**Exercise prompt**
Print the entire listing below word for word, excluding its pictures.
───── Information supplied ─────
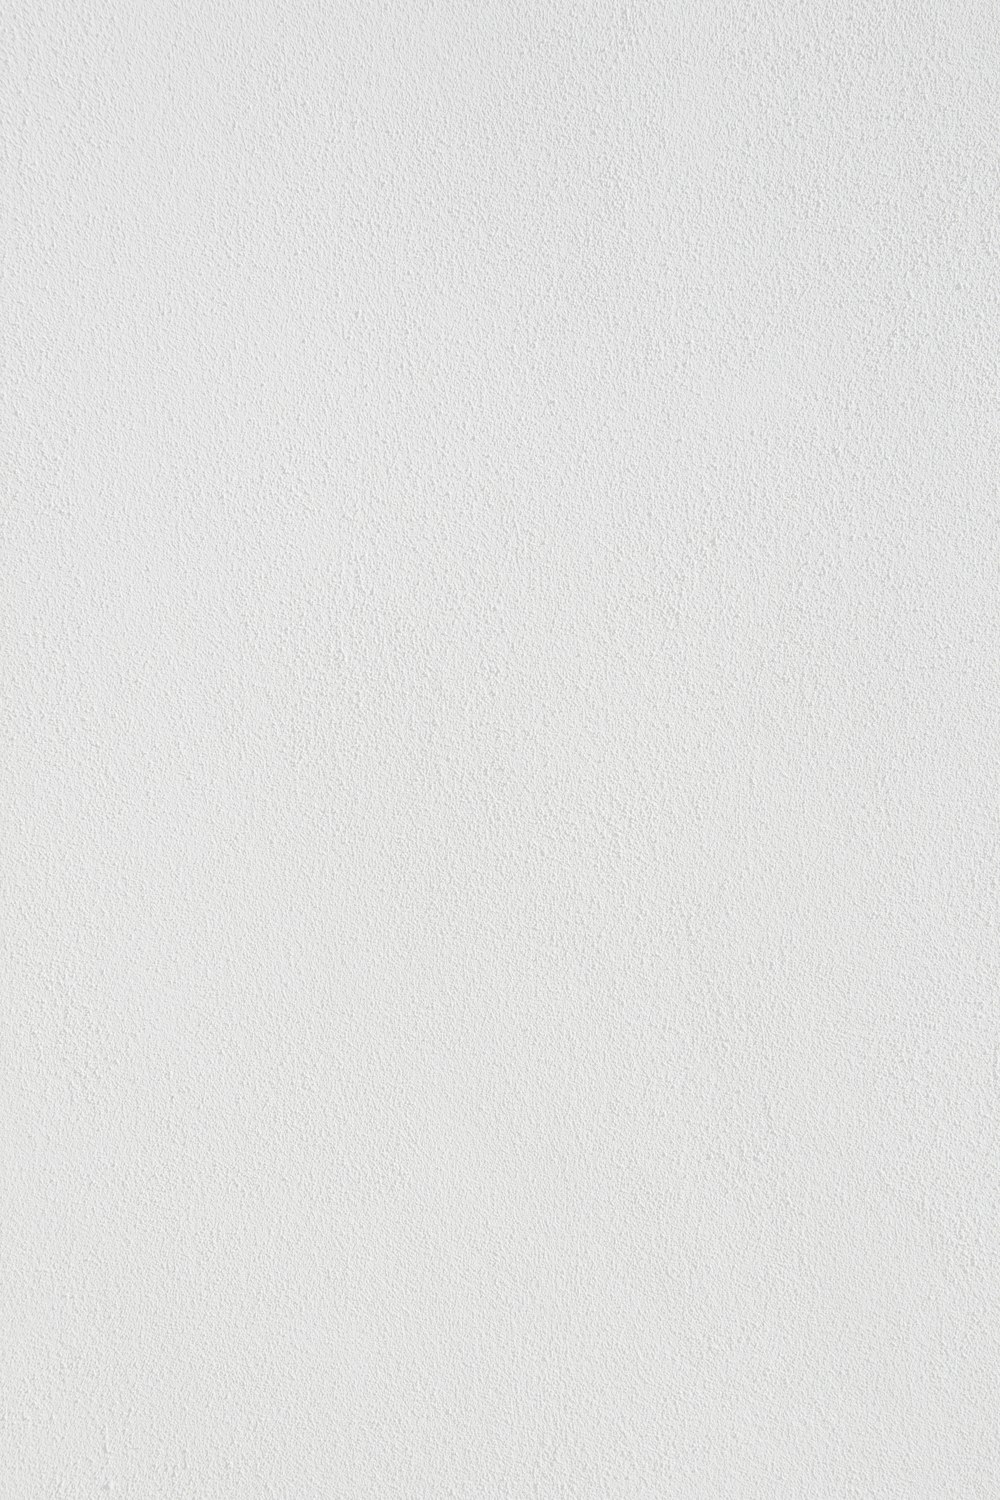 white wall paint with black line
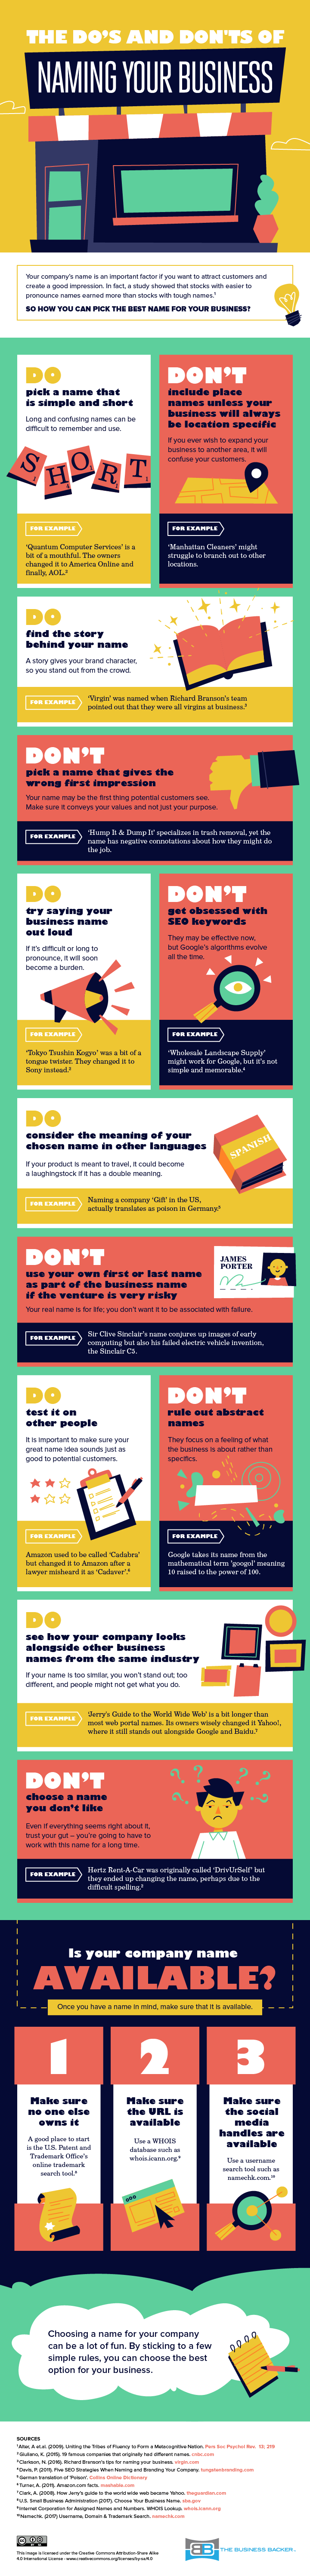 The Do’s and Don'ts of Naming Your Business (Infographic)
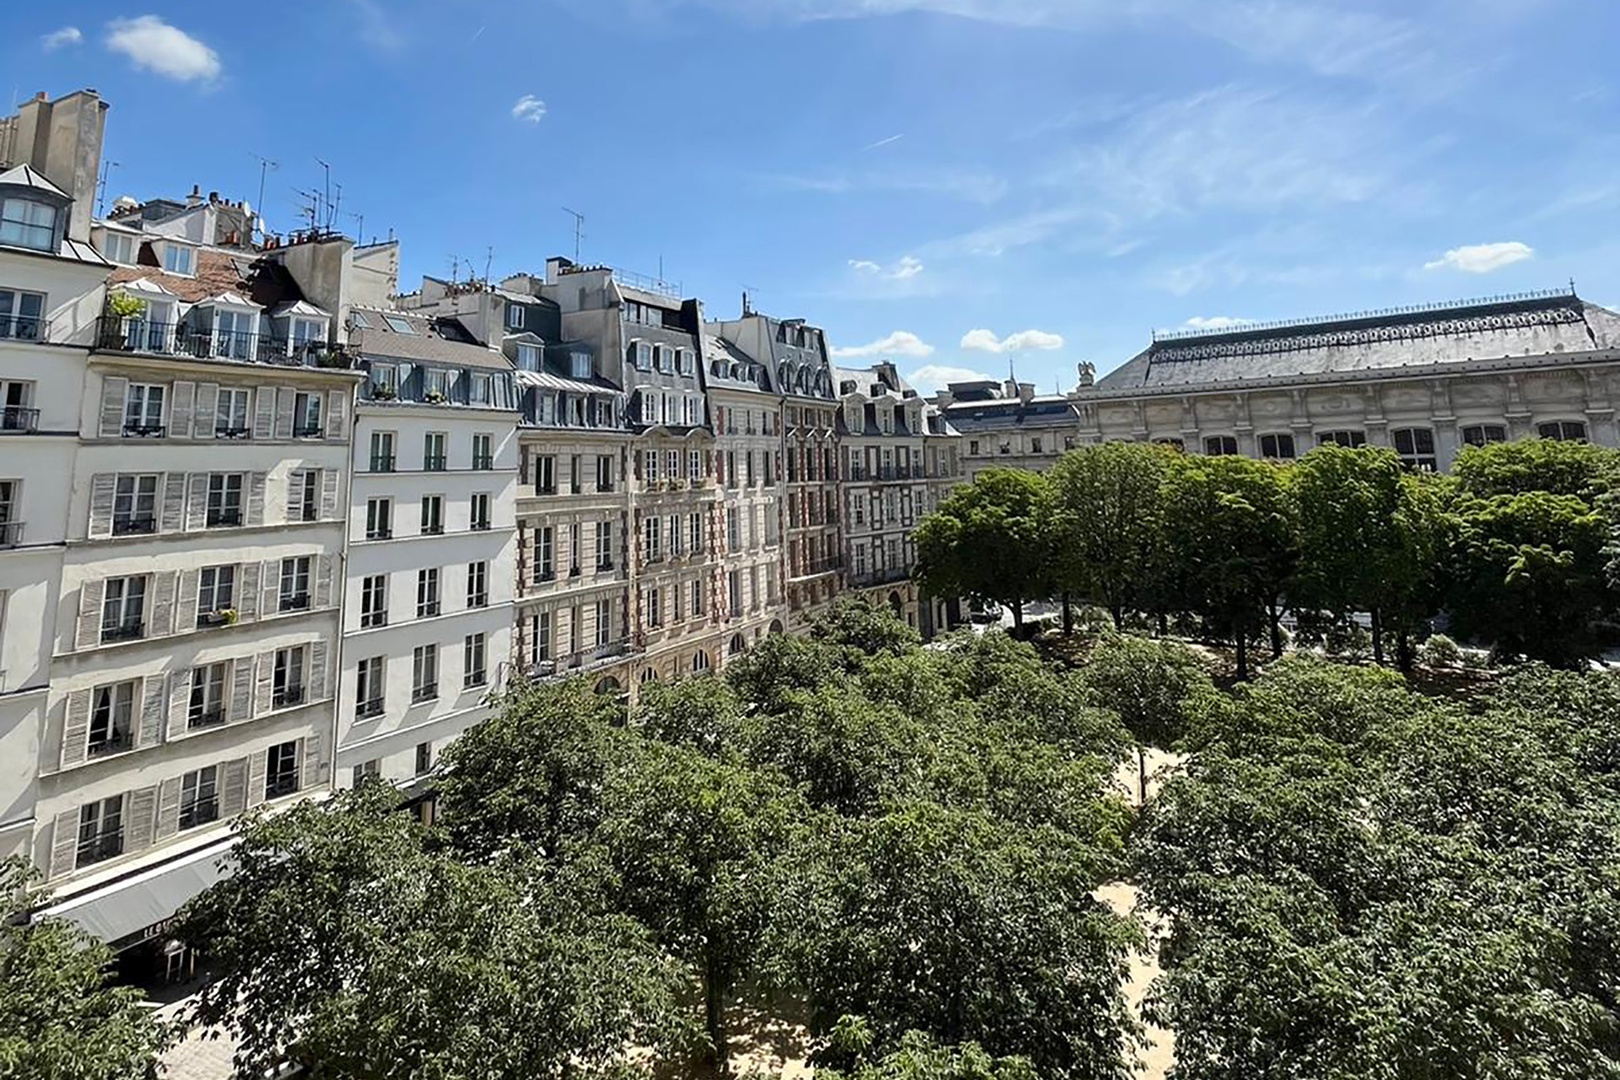 Enjoy a picturesque view of pretty Place Dauphine.
─────
**Output of the exercise**
 white wall paint with black line
 The Do’s and Don'ts of Naming Your Business (Infographic)
 Enjoy a picturesque view of pretty Place Dauphine.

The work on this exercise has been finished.